La gestion du changement à l’ère de l’intelligence artificielle
Mathis Schulte, Professeur associé en Management et Ressources Humaines à HEC Paris, mais aussi expert en comportement organisationnel et en résolution de conflit, est convaincu que l’intelligence artificielle (IA) aura un impact majeur sur la gestion du changement. Dans cet entretien, il expose comment, selon lui, l’IA transformera la façon dont nous appréhendons et implémentons le changement.
Construire de meilleurs modèles de prédiction
Très souvent, les organisations implémentent le changement une fois qu’il est trop tard. L’intelligence artificielle pourrait-elle transformer cette approche dite de « plateforme en feu » en une meilleure gestion du changement ? Qu’en serait-il si les organisations pouvaient capitaliser sur l’IA pour collecter des données et construire de meilleurs modèles de prédiction, avant même que la crise n’éclate ? Le Professeur Schulte affirme que bien que l’impact de l’IA sur la gestion du changement soit, pour le moment, surtout hypothétique, il pourrait aider les entreprises à prendre les décisions plus tôt, et ainsi procéder au changement avant qu’il ne soit trop tard.
Faire face à l’inconnu
« L’IA ressemble un peu à la blockchain. C’est l’une de ces technologies à la mode qui fascinent tout le monde sans que personne ne sache réellement de quoi il s’agit » déclare le Professeur Schulte. Il souligne que l’incertitude galopante quant à l’objectif, au potentiel et aux applications de l’IA pose de véritables défis pour les organisations qui veulent l’intégrer de façon efficace. YouTube, par exemple, a utilisé l’IA pour « déterminer la vraie nature de l’homme » et en est arrivé à proposer des « têtes de chat » sur la base de toutes les vidéos de chats téléchargées sur la plateforme. Les données et le contenu que vous fournissez à l’IA (comme les vidéos YouTube) influencera le résultat.
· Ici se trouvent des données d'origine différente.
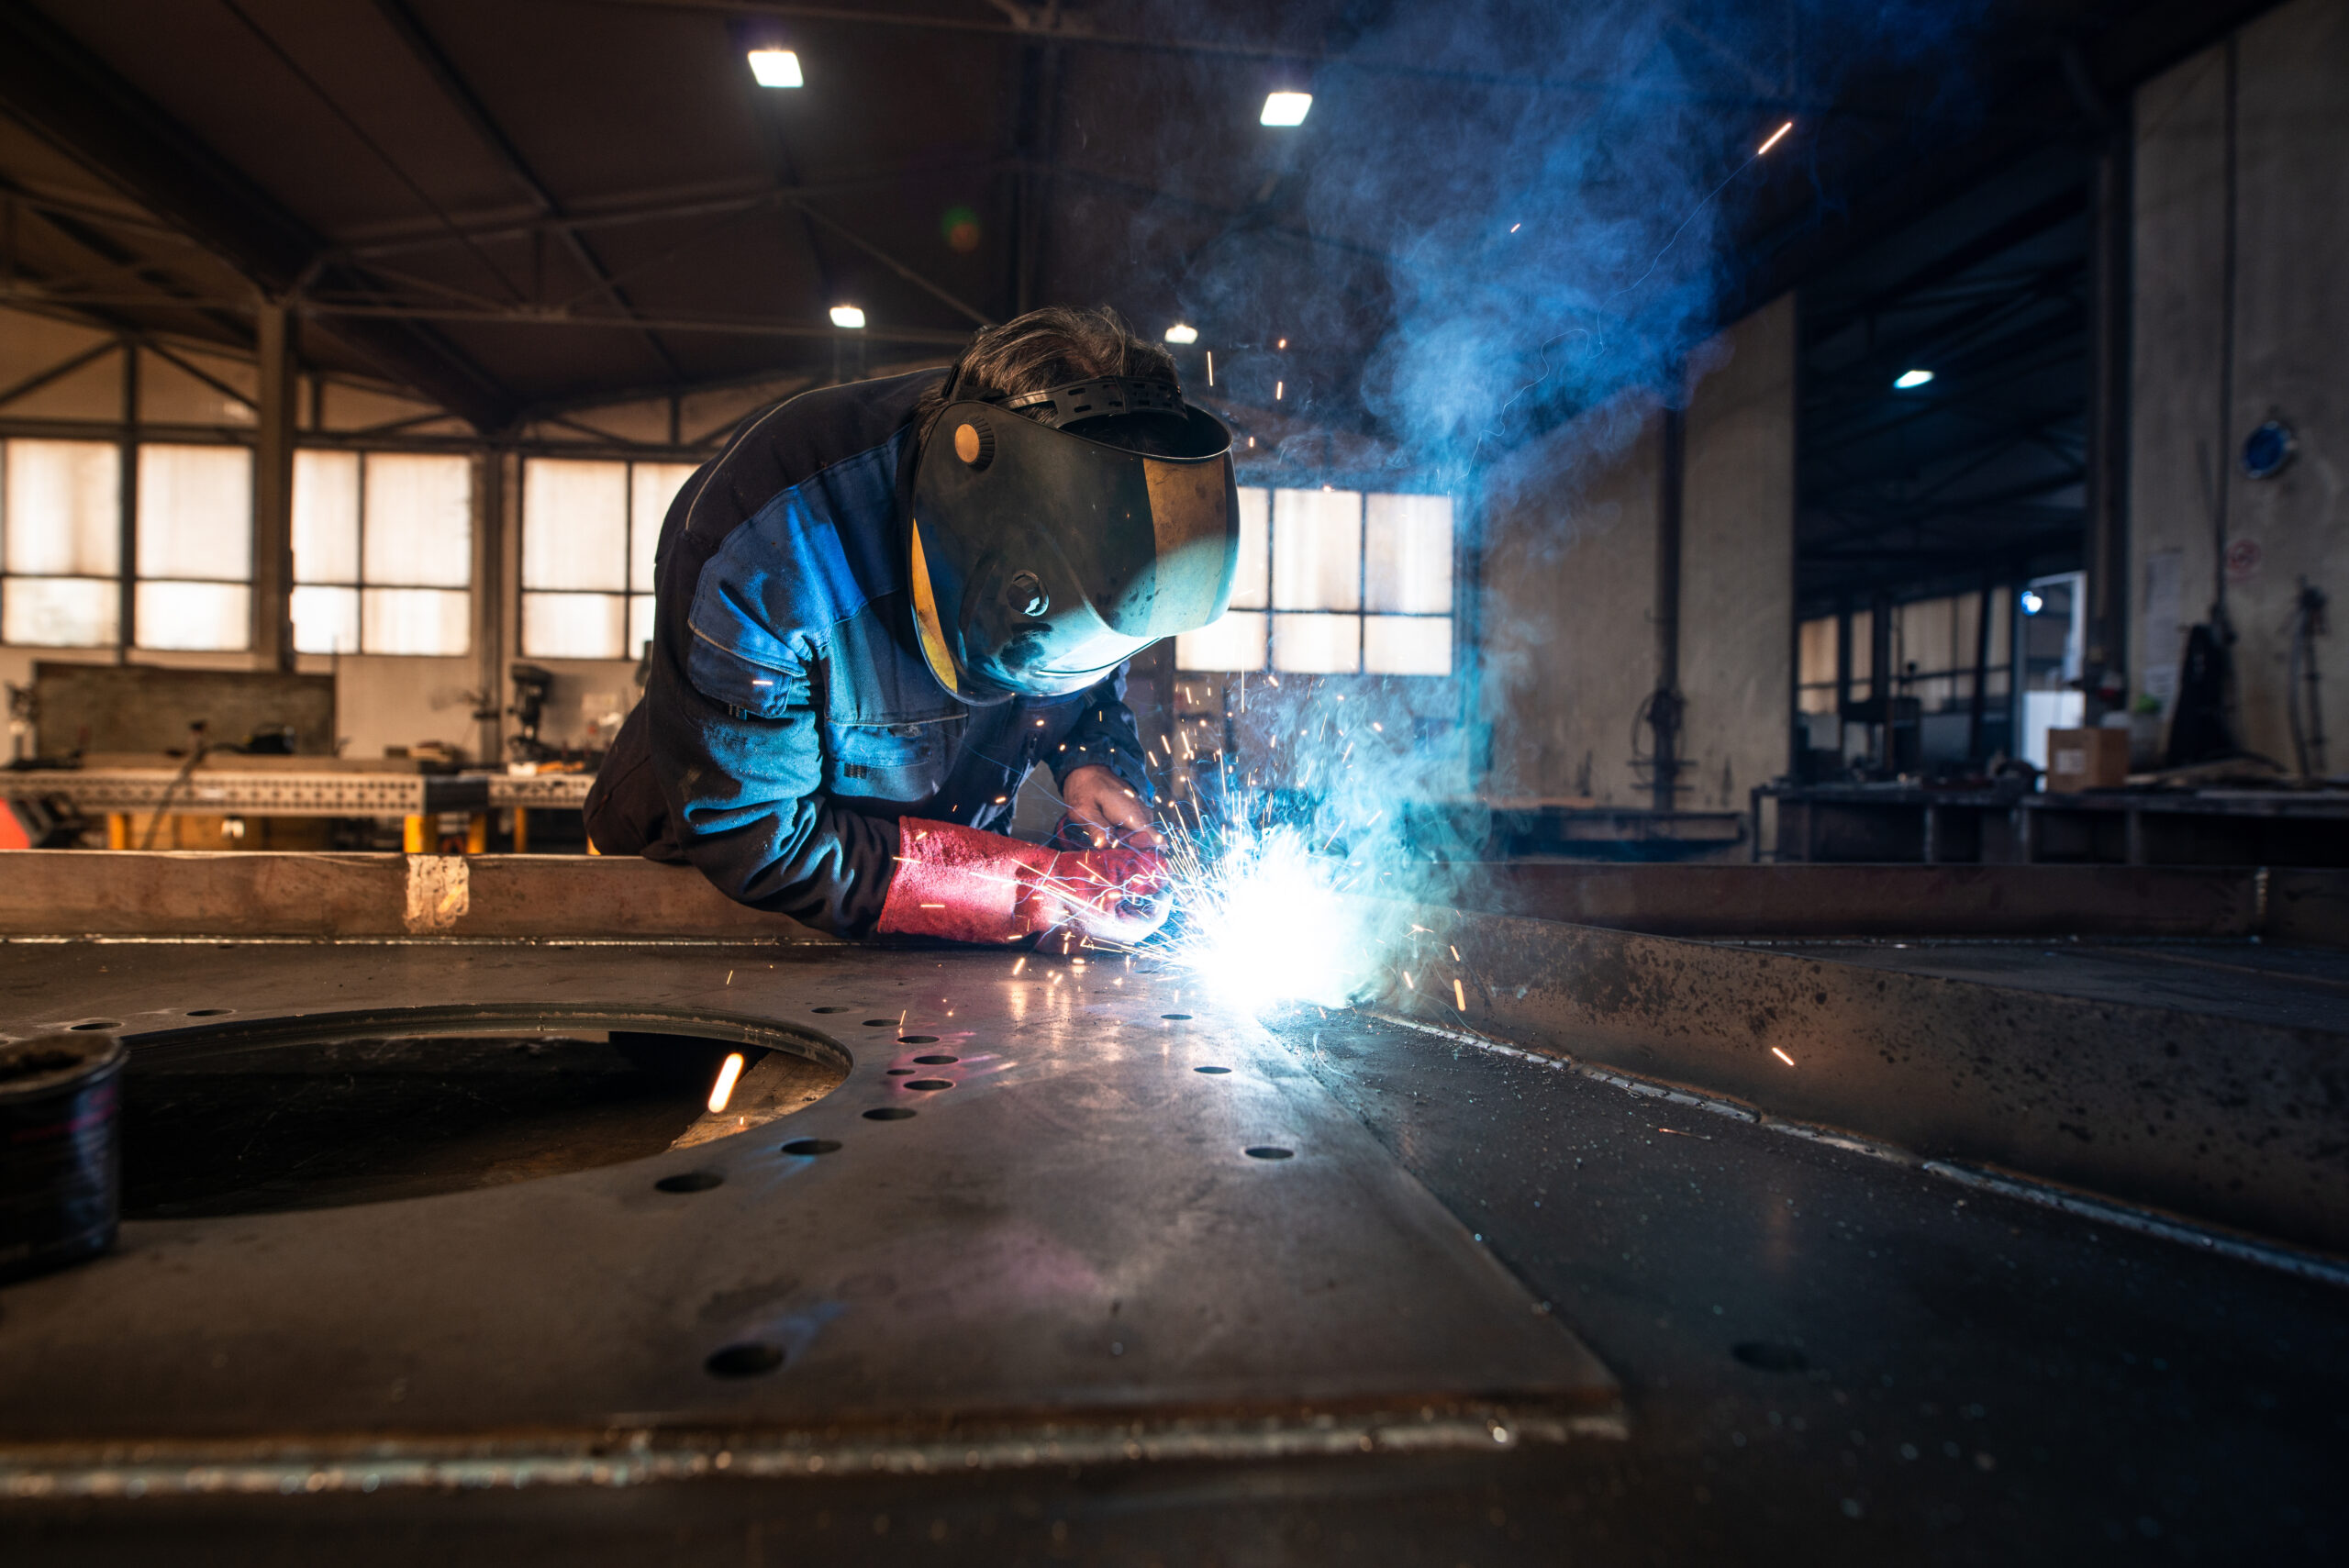 Professional industrial welder welding metal parts in metalworking factory.

Changement évolutif contre changement radical
Que l’IA facilite le changement ou non, le type de changement est un facteur important. Mathis Schulte pense que l’IA facilitera une adaptation progressive plutôt qu’un changement immédiat et radical. « Les gens peuvent s’adapter et prendre en compte l’IA tôt dans le processus, et ainsi changer progressivement et non radicalement. » Les systèmes intelligents les plus sophistiqués ne seront cependant pas en mesure de prédire chaque facteur susceptible d’affecter une organisation. Contre les catastrophes naturelles ou nationales, par exemple, l’IA ne pourra pas faire de miracle.
Faciliter la communication au sein de l’entreprise
L’IA ne remplacera pas toute forme de collaboration humaine. En fait, elle pourrait jouer un rôle significatif pour permettre aux gens de travailler ensemble plus efficacement. « En nous fournissant des informations et retours sur la façon dont nous interagissons, les systèmes intelligents pourraient nous aider à améliorer notre communication, » déclare le Professeur Schulte. Dans sa recherche, il a établi que les personnes créatives sont souvent marginalisées, principalement parce qu’elles sont perçues comme inefficaces. Il prédit que l’IA sera capable d’analyser les dynamiques d’équipe et de réseau, ce qui mènera à une plus grande considération du rôle et de l’importance des groupes créatifs, en s’assurant que chaque voix est entendue.
Faisons-nous déjà confiance à l’IA ?
« Il y a un besoin profond d’humaniser ou de rassurer sur l’intelligence artificielle, » explique Mathis Schulte. « La supposition sous-jacente est que plus une chose nous attendrit et nous ressemble, plus on peut s’y identifier émotionnellement. » En vérité, dit-il, dans un contexte professionnel, faire confiance à l’IA peut dépendre de la relation des employés avec leur employeur.
Le Professeur Schulte cite le psychologue Kurt Gray, qui explique que « pour faire confiance à quelqu’un, nous avons besoin de savoir si cette personne assumera les risques éventuels. » Si vous travaillez avec un système intelligent et que vous échouez, c’est vous qui en subirez les effets, pas le système. Si vous faites une erreur avec un autre être humain, vous en partagerez les conséquences. Finalement, c’est la façon dont nous faisons ou non confiance à l’IA qui déterminera son impact sur la gestion du changement.